Assuming that Length and Breadth are numerical types of some kind the second record does not contain possible values — Breadth must be either 0 or NULL.
In any event, any mathematical operation in SQL involving a NULL value will return the value NULL, indicating that the expression cannot be evaluated. The answer are NULL, impossible, and 21.2.
The product of any value and NULL is NULL. This is called "NULL propagation" if you want to Google it. To score points in an interview, you might want to mention that NULL isn't a value; it's a special marker.
The fact that the column Breadth has one entry "NULL" and one entry that's blank (on the second row) is misleading. A numeric column that doesn't have a value in a particular row means that row is NULL. So the second column should also show "NULL".
The answer to the third row, 21.2 * 1, depends on the data type of the column "Length*Breadth". If it's a data type like float, double, or numberic(16,2), the answer is 21.2. If it's an integer column (integer, long, etc.), the answer is 21.
A more snarky answer might be "There's no answer. The string "Length*Breadth" isn't a legal SQL column name."
In standard SQL they would all generate errors because you are comparing values (or nulls) of different types:
CAST ( 20 AS FLOAT ) * CAST ( NULL AS INTEGER ) -- mismatched types error
CAST ( '' AS INTEGER ) -- type conversion error
CAST ( AS INTEGER ) -- type conversion error
CAST ( 21.2 AS FLOAT ) * CAST ( 2 AS INTEGER ) -- mismatched types error
On the other hand, most SQL product would implicitly cast values when comparing values (or nulls) of different types according to type precedence e.g. comparing float value to an integer value would in effect cast the integer to float and result in a float. At the product level, the most interesting question is what happens when you compare a null of type integer with a value (or even a null) of type float...

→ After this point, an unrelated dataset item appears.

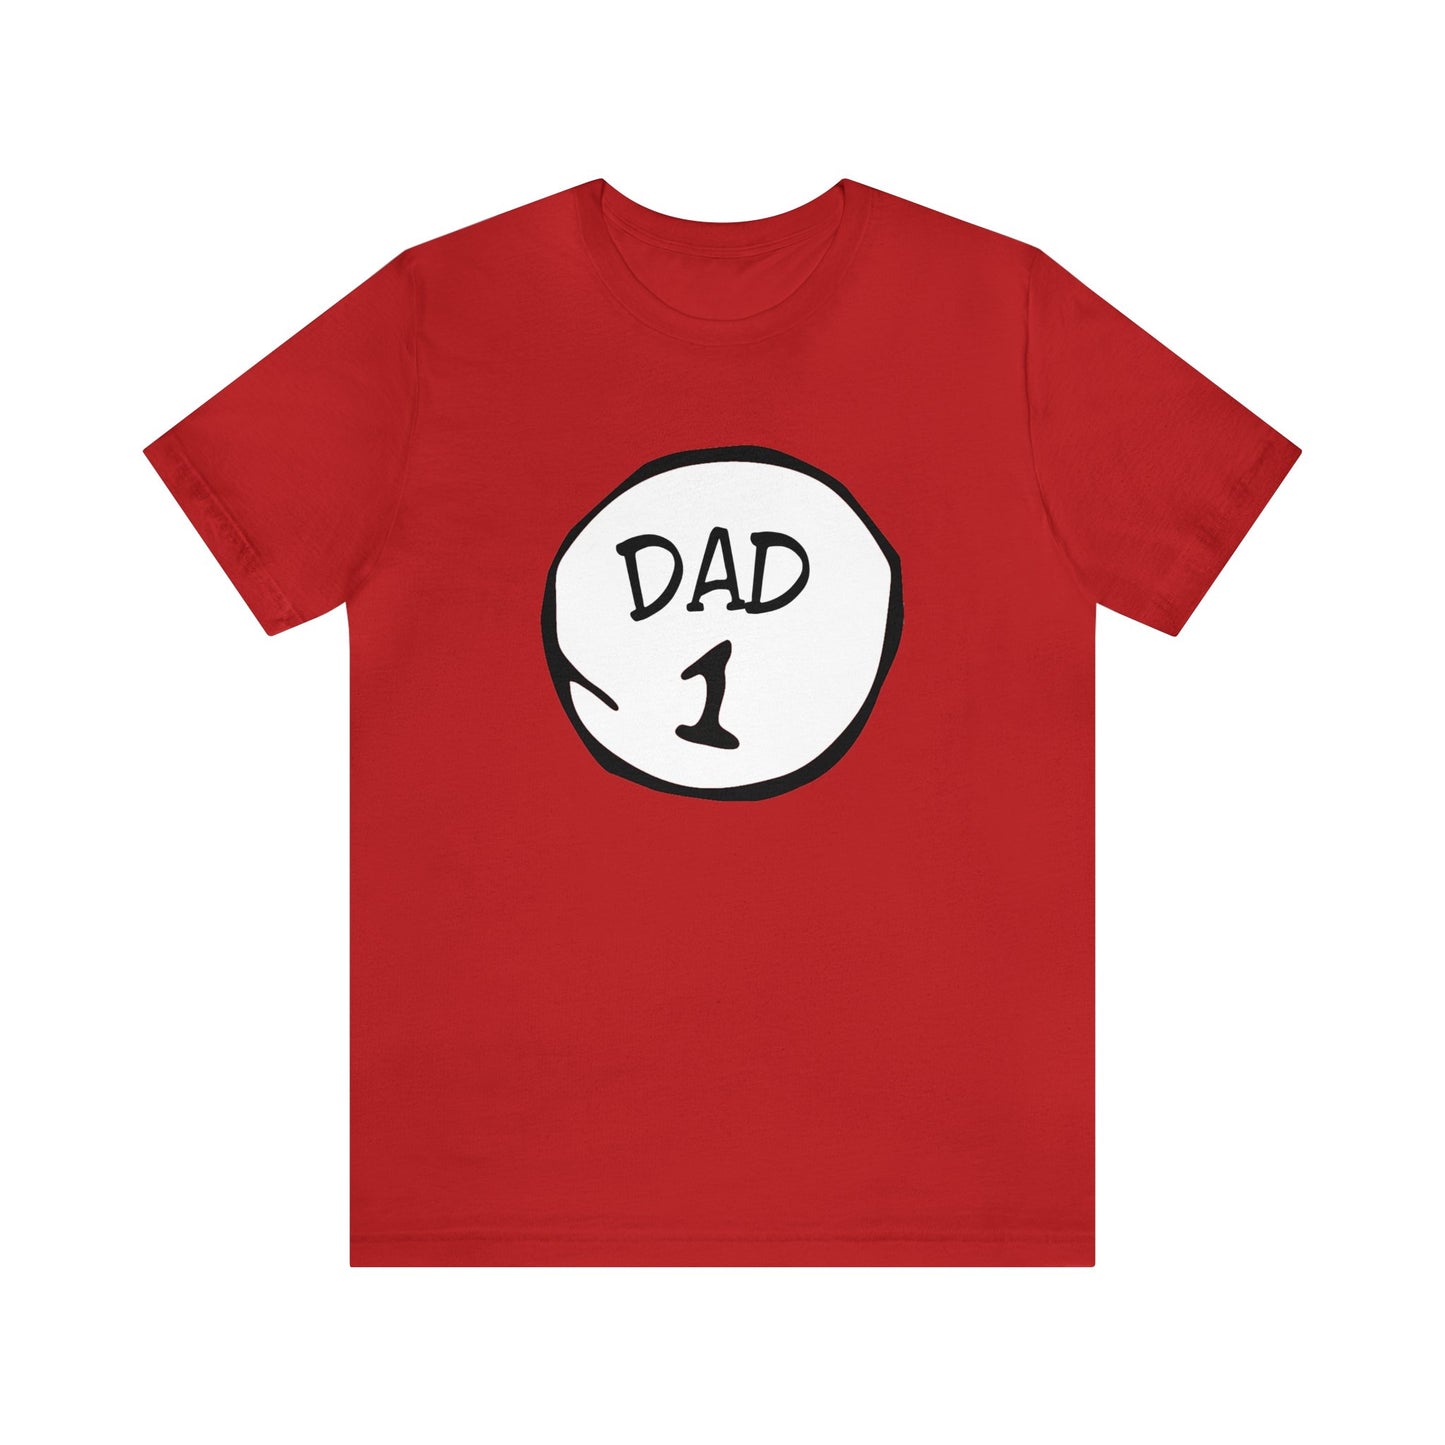 DAD 1 Adult T-Shirt

...but, frankly, not terribly interesting. In an interview you are presented with a framework (in the form of questions asked of you) on which to present your knowledge, skills and experience. The 'answer' here is to discuss nulls (e.g. point out that nulls are tricky to define and behave in unintuitive ways, which leads to frequent bugs and a desire to avoid nulls entirely, etc) and whether implicit casting is a good thing.